Ora, tal associação copulativa provocou nesta leitora uma dúvida de monta: como pode ser o simbólico instrumental?
A resposta reside no livro Mar Negro e na identidade autoral da escritora e do ilustrador que respiram em uníssono, alimentando ritmo de movimento, progressão narrativa, diálogo, e silêncio, contemplação, vazio.
O vazio, o que extravasa para fora da vinheta e não se vê, o pontilhado que cobre de névoa o espaço, as linhas que transcorrem as pranchas, todos estes elementos contribuem para uma relação simbólica que não se esgota num referente e num ou dois significados. Não há lugar ao instrumental.
Mar Negro é o gelado mais desejado, é também aquele onde acontece a tragédia. Interessante que no café de praia onde Inês, a protagonista, trabalha, ou fora dele, nunca se fale no mar ou na praia. Estamos do outro lado do espelho. Aqui Inês cumpre com brio a sua função de empregada e mantém uma seriedade distante do colega JP. O seu profissionalismo é coerente com a ordem que impõe aos gestos e movimentos quotidianos. A informalidade chega através da relação com Vera, vizinha e confidente qb. É Inês quem o leitor acompanha, é ela que vai descobrindo através de ações e comentários, é sobre ela que constrói juízos e suposições. Sem nunca lhe ser dado o privilégio de aceder a um pensamento, uma divagação interior da protagonista. Assim que estruturamos um caráter, logo a narrativa nos troca as voltas. A tragédia que se abate sobre a praia tem um efeito transformador em Inês. Mais uma vez, o leitor é deixado à deriva, surpreendido pelas atitudes e decisões de Inês.

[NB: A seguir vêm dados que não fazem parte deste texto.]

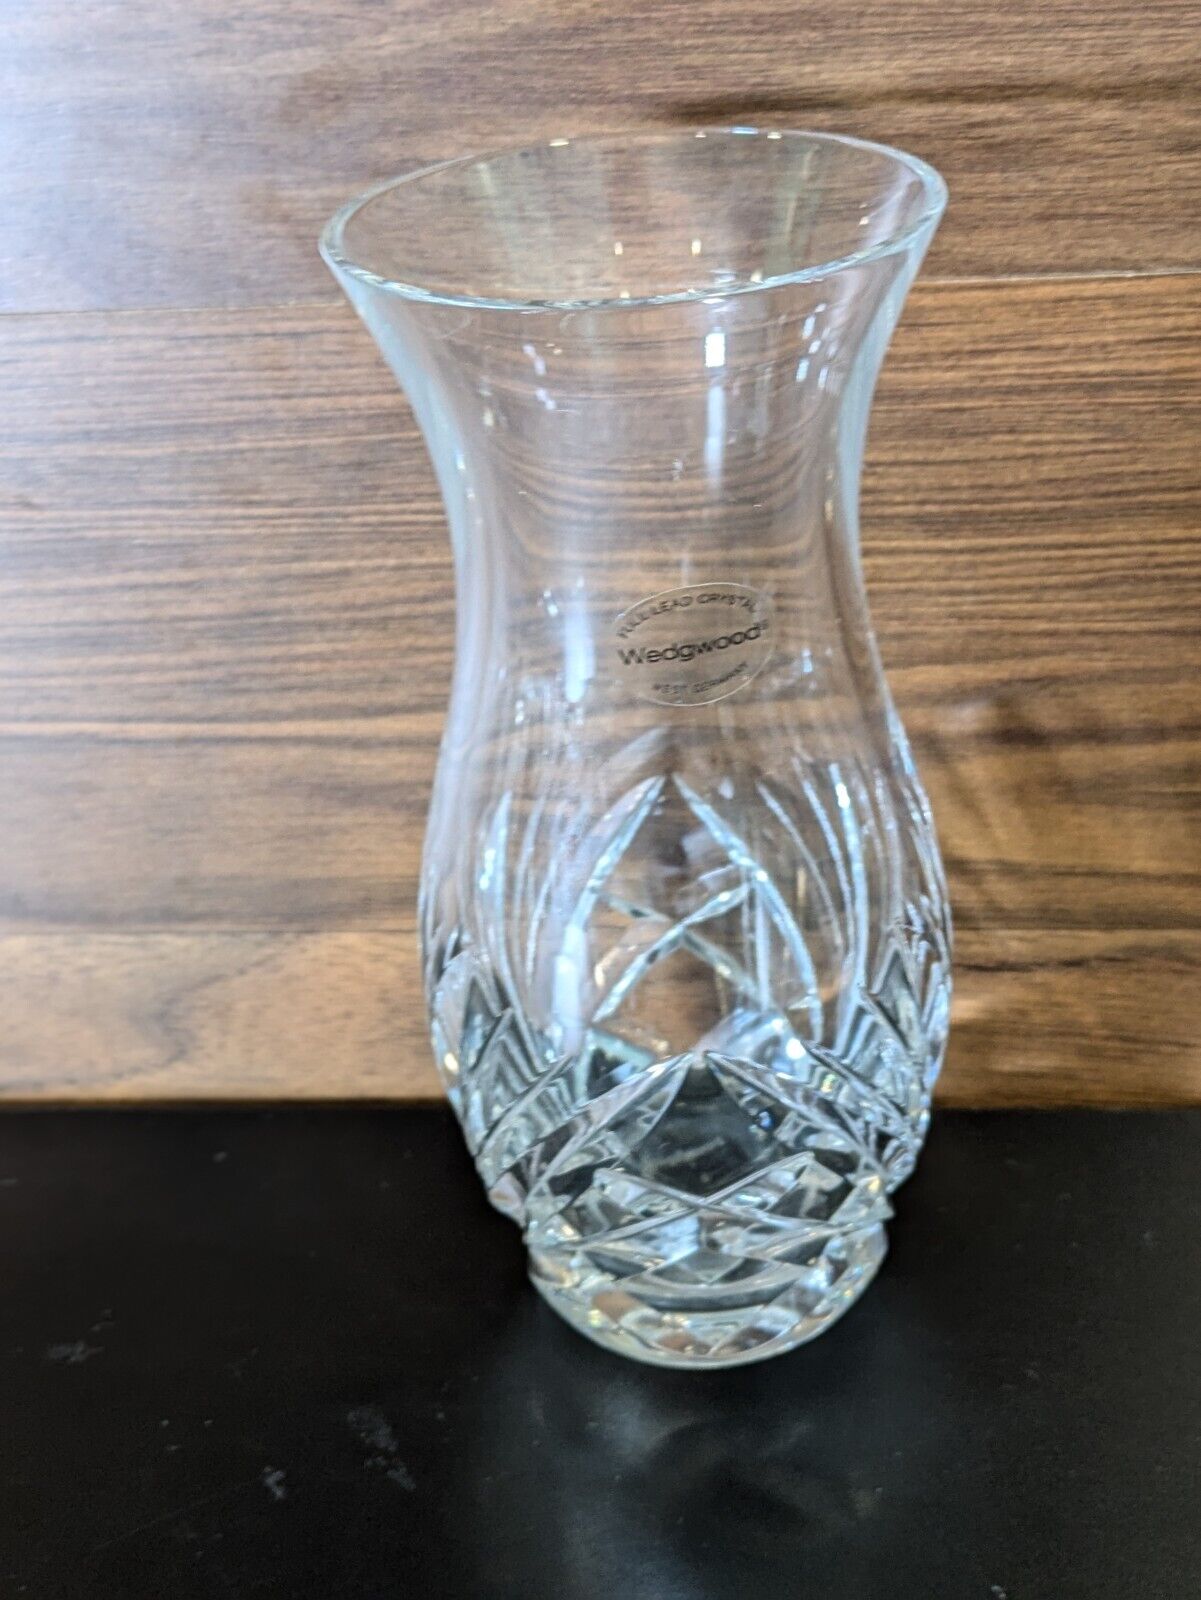 Wedgwood Full Lead Crystal Vase W. Germany Original Sticker

Toda a narrativa assenta nisso, na experimentação de Inês sobre a vida, sobre as relações, sobre si própria. Guarda um segredo, apropria-se do que não lhe pertence. Há um cachecol simbólico que desaparece em certos momentos e que só a ilustração nos permite acompanhar. A imagem, tanto ou mais que o texto, congrega tudo o aquilo a que o leitor pode aceder: as expressões de Inês, a observação de si própria, o que veste, como reage, por onde anda, os seus conflitos… Também poderíamos falar de amor e de amizade, mas seria redutor. Mar Negro é sobre Inês, sobre a sua identidade, sobre um trauma, uma leitura da sua vida e sobre a duplicidade, como afirma a autora. Tudo o que existe subjetivamente reflete e relaciona-se com o outro. Porém, esta banda-desenhada é avessa a definições ou conceitos orientadores. Por isso não pode ser sobre amor ou amizade. É sobre o eu e hipóteses de ser. Nada tem de simbólica instrumental.